Bowel or urinary diversion stomas placed in the reconstructed abdominal wall should be monitored for prolapsed or peristomal herniation.
The most common cause of flap necrosis is compromised vascular supply due to angulation during rotation.
The patient is not restricted in ambulation. The vaginal mold is removed on postoperative day 2 or 3 without the further use of molds or dilators.
Indications for Vulvar Reconstruction
The primary goal of the vulvar reconstructive effort is to maximize the healing at the surgical site. The cosmetic appearance, while extremely important, is a secondary goal of this reconstructive effort. Flaps can be used to obliterate dead space, bring new vascularity to an area that has frequently received radiation, and allow for primary closure while improving body self-image and allowing for sexual function. The success of the primary reconstructive procedure is inversely related to the complexity of deformity and the flap design.43 Age greater than 60 years, weight greater than 80 kg, tobacco abuse, and vascular disease also confound reconstructive efforts.44
Perioperative Considerations for Vulvar Reconstruction
Thromboembolic prevention should be used for all patients. Standard antibiotic prophylaxis can be prescribed for the abdominal or pelvic portion of the case, with consideration given for a redosing of the antibiotic at the time of the skin incisions for the reconstructive portion of the procedure.
In addition to the general anesthetic, the preoperative placement of an epidural may be helpful in providing excellent pain management for: (1) the primary surgical site, (2) the potential donor sites required during the reconstructive phase, and (3) the 48 to 72 hours of bed rest potentially required postoperatively.
The dorsal low lithotomy position using stirrups to support the heel and lower leg is the preferred position for most flaps. In general, the lower extremity should be partially abducted to provide adequate access to the perineal region.
The lower extremities should be prepped to below the knee to allow the option of using a combination of potential flaps for the reconstructive phase. Consider sewing the anus closed with a purse-string suture to minimize contamination during these procedures. If the bladder and urethra are retained, prolonged transurethral (> 24 hours) or suprapubic bladder drainage may be required for these patients given the extent of surgery performed and the localized periurethral swelling that may ensue.
STSG for Vulvar and Perineal Reconstruction
The principles of STSGs for vaginal reconstruction are identical for vulvar reconstruction.
Preoperative Care and Operative Procedure
Preoperative care and marking the donor site for STSGs are the same as previously described for vaginal reconstruction.

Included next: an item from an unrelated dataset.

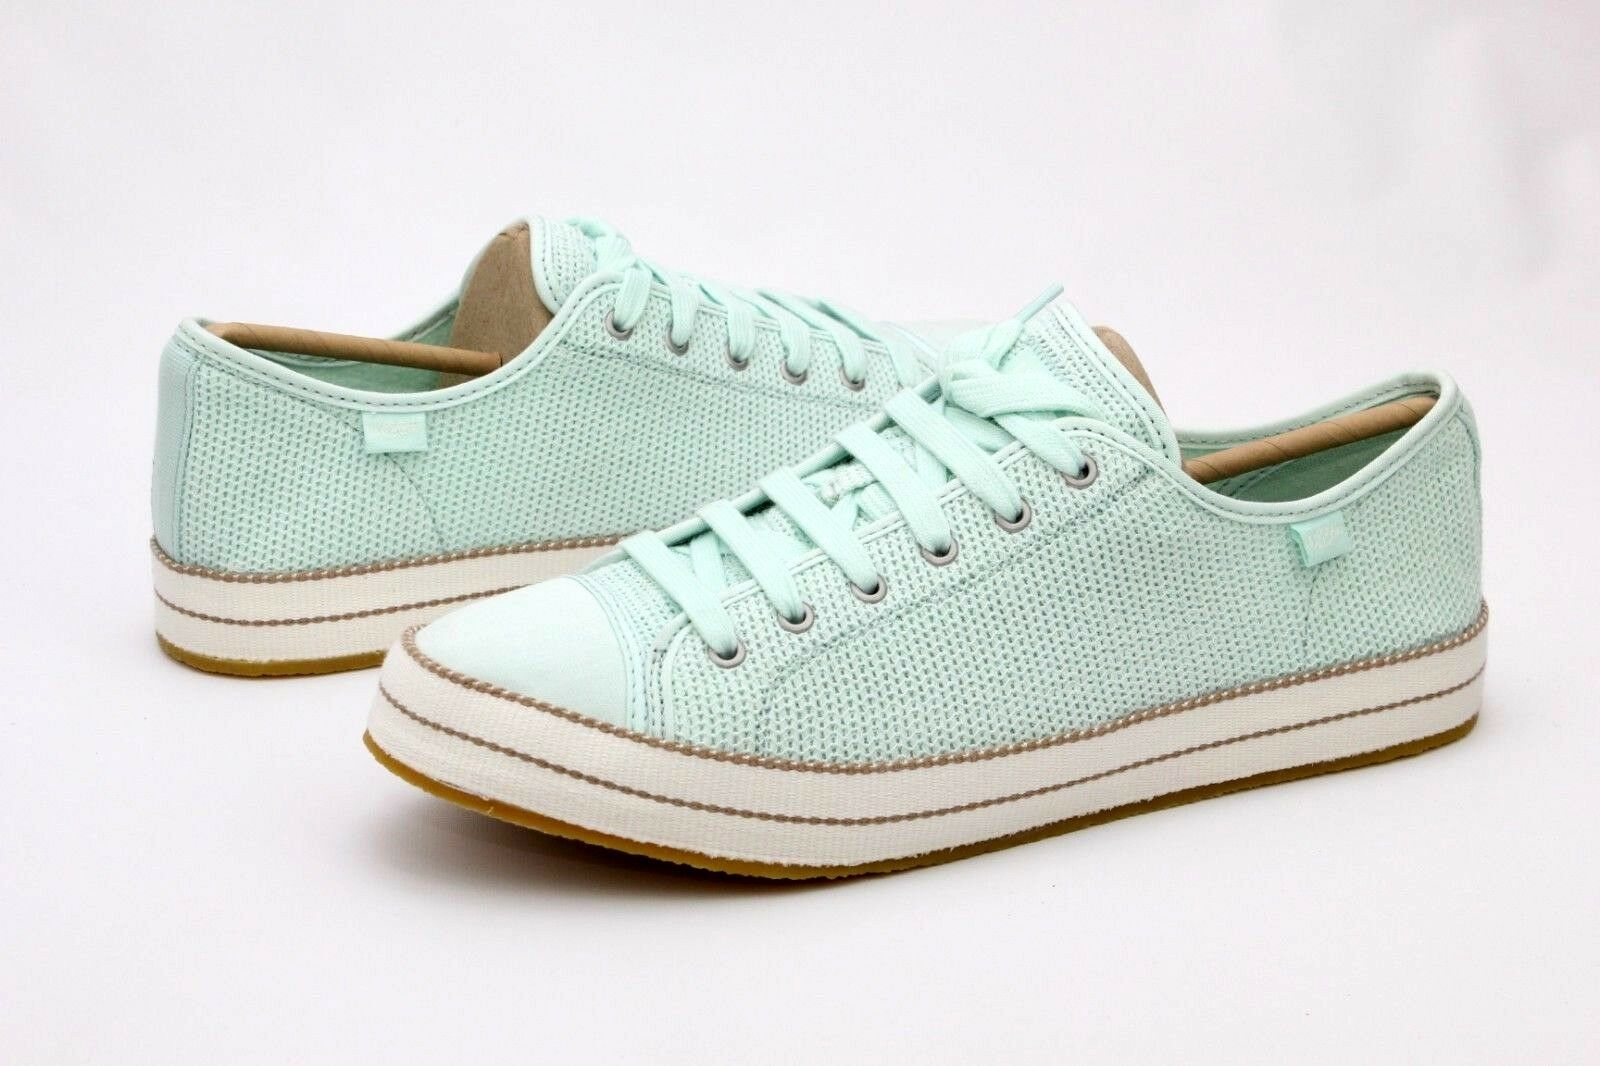 da1336abc37 UGG Claudi Aqua Color Fashion Sneaker Shoe Size 12 US

Harvesting the STSG and Placing on the Vulva
The STSG is usually harvested from the inner thighs or buttocks using an air-powered dermatome. The dermatome is set to a thickness of 13 to 19/1000 of an inch, and the graft is meshed (normally 1.5:1) and trimmed to fit the defect. Fibrin sealants such as Tisseel have been used to increase the graft success rate.
The graft is secured with 3-0 or 4-0 absorbable sutures. The recipient site is then covered with a pressure dressing over petrolatum-impregnated gauze, or a vacuum-assisted closure device (VAC) may be used (Figure 32C-15). If a wound VAC is used over an STSG, the recommended pressure is 100 mm Hg on an intermittent setting. The VAC is generally removed on postoperative day 3 or 4. A liquid diet is recommended until it is removed. The patient will be able to pass flatus with the VAC in place, but sometimes, it requires earlier removal for a bowel movement. The utilization of a hydrocolloid dressing (DuoDERM; ConvaTec, Skillman, NJ) around the anus and nongrafted areas may be helpful in facilitating a leak-free system.24
FIGURE 32C-15. Vacuum-assisted closure device (VAC) over the vulvar wound.
The patient remains at complete bed rest for 3 days postoperatively or while the VAC is in place. A Foley catheter is recommended. Activity should be restricted to walking for the first 2 weeks.
Rhomboid Transposition Flap
The rhomboid transposition flap is an extremely useful and versatile flap for vulvar reconstruction. The first description of this type of transposition flap is credited to Limberg, who in 1946 described closure of a parallelogram with 60- and 120-degree angles with a transposition flap named for him. This flap derives its vascular supply from the underlying subcutaneous tissue and does not require a myofascial incision. The underlying subcutaneous portion of the flap should be at least 1.0 to 1.5 cm thick. Because the flap derives its blood supply from the subcutaneous tissue, the flap base may be oriented posteriorly or anteriorly depending on the shape of the vulvar defect and the perceived best closure. In general, this flap is for a smaller defect, with the ideal flap being 4 to 6 cm across the base.45
The patient is prepped for the operating room as previously described. There are no unique requirements for this flap.
Marking the Donor Site for the Rhomboid Flap
The skin site next to the vulvar defect is marked and measured. The practical flap is limited to about 4 × 4 cm, with larger flaps being technically possible but associated with some breakdown and subsequent granulation. The origin of the incision should be slightly more posterior than the midpoint of the vulvar defect (Figure 32C-16). The flap should be 0.5 cm larger than the measured surgical defect because this allows for some normal contraction and closure with less tension. A similar-sized flap may be required on the opposite side depending on the vulvar defect.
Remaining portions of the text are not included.